3.  EASEMENTS: To discover easements and avoid any problems as to future problems arising out of who owns what or who is responsible for what, buyer’s representative should negotiate and execute an easement maintenance agreement in which the rights and obligations of the parties are articulated including but not limited to obligation for conducting maintenance and providing a mechanism for dispute resolution.



There are two types of title companies in California: title insurance companies and underwritten title companies.

Title insurance company is an insurer with specialty in real property ownership and liens. On the other hand, underwritten title company is an agent of title insurance companies. Underwritten title company countersigns and issues title insurance company’s title insurance and does title search, among other related duties. While title insurance company may issue its own insurance, underwritten title company may not issue its own insurance because it is not an insurer. Note, underwritten title companies MAY NOT have the word insurance in their name.

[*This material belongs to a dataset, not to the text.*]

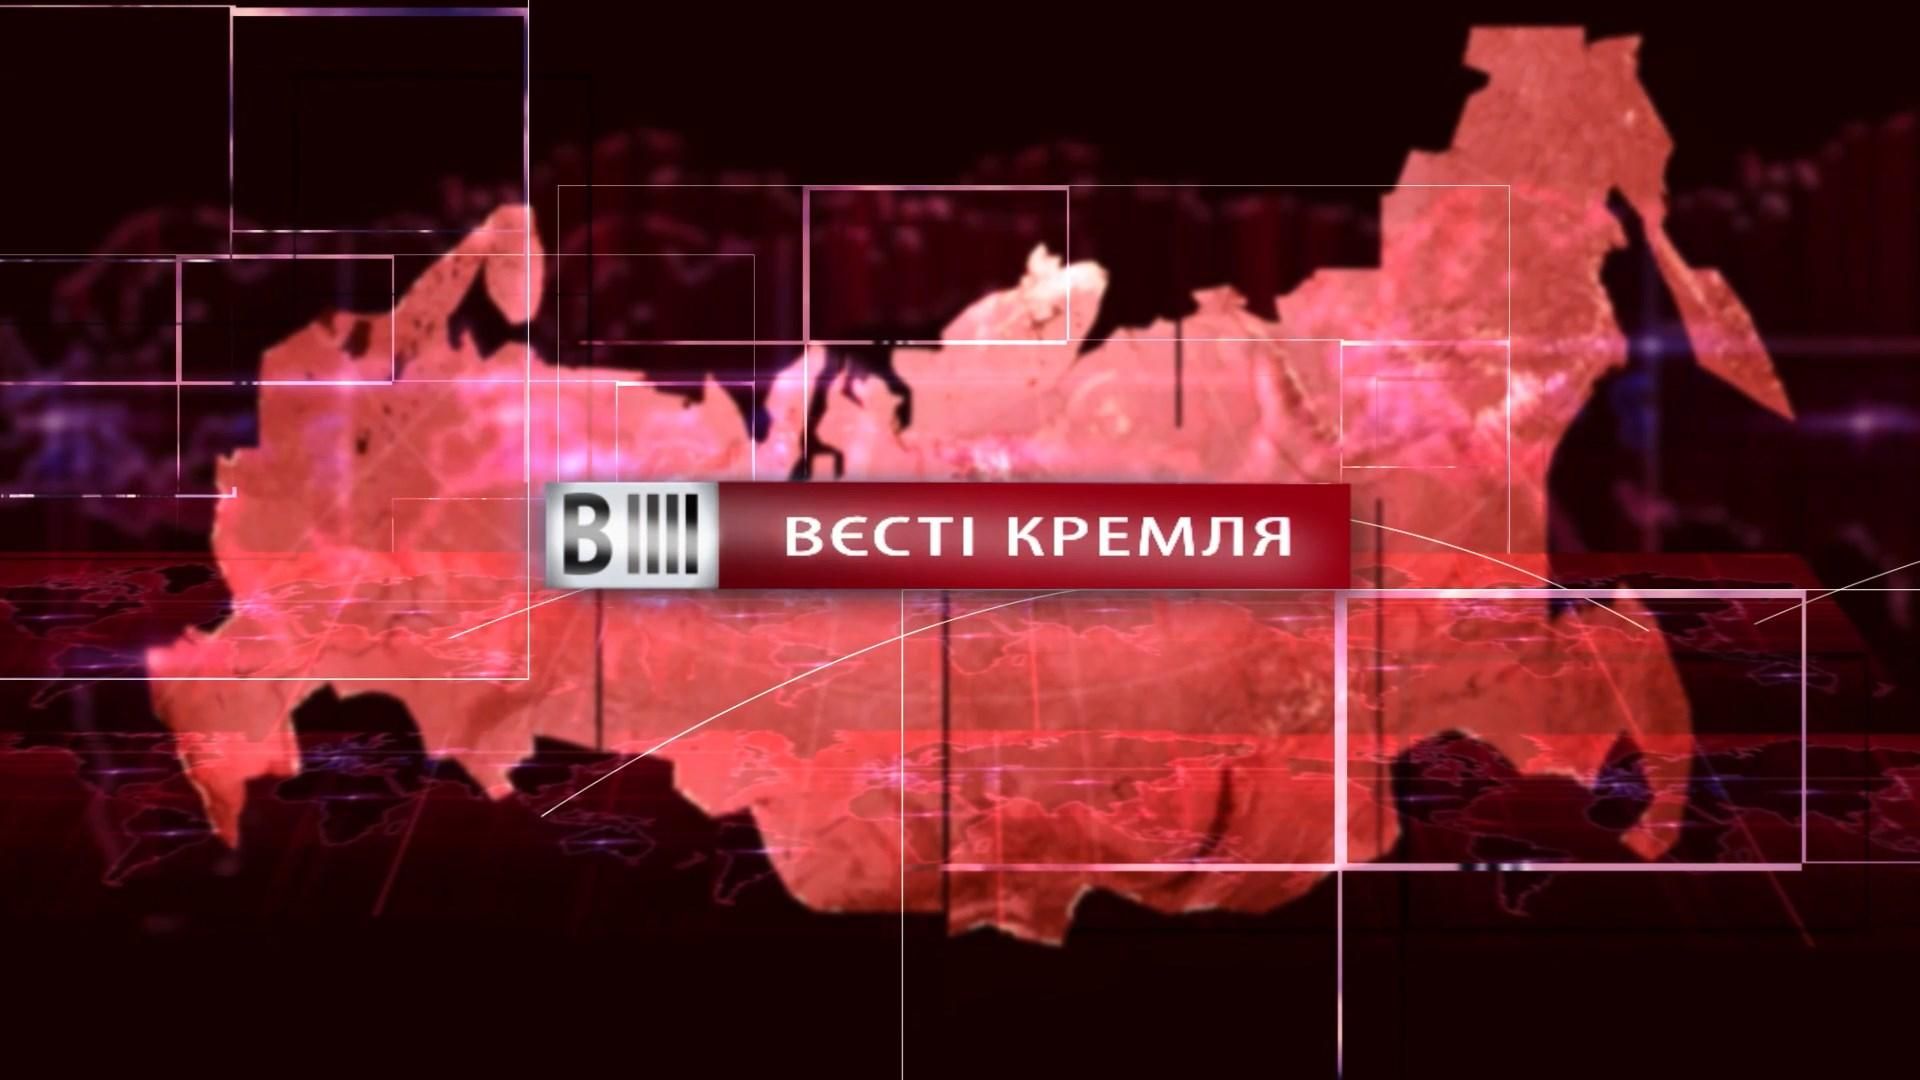 Смотрите "Вести Кремля". Кирилл в вакууме. Россияне против распада империй

As importantly, some of the salient points to consider before selecting a title insurance company include, but not limited to:

  • The Insurer’s Financial Stability
  • The Cost of the Underlying Insurance
  • The Insurer’s Flexibility In Making Decisions
  • The Insurer’s Flexibility and Ability to Perform Within a Prescribed Time Frame
  • The Insurer’s Customer Service, Especially the Responsiveness and Professionalism of the Staff and Decision Makers
  • The Insurer’s Quality of Work



This Article Neither Supplants Nor Supplements the Breadth and Depth of Such Esoteric Topic. In fact, This Article ONLY Provides a Rather Rudimentary Synopsis of Such Esoteric Expansive Subject Matter.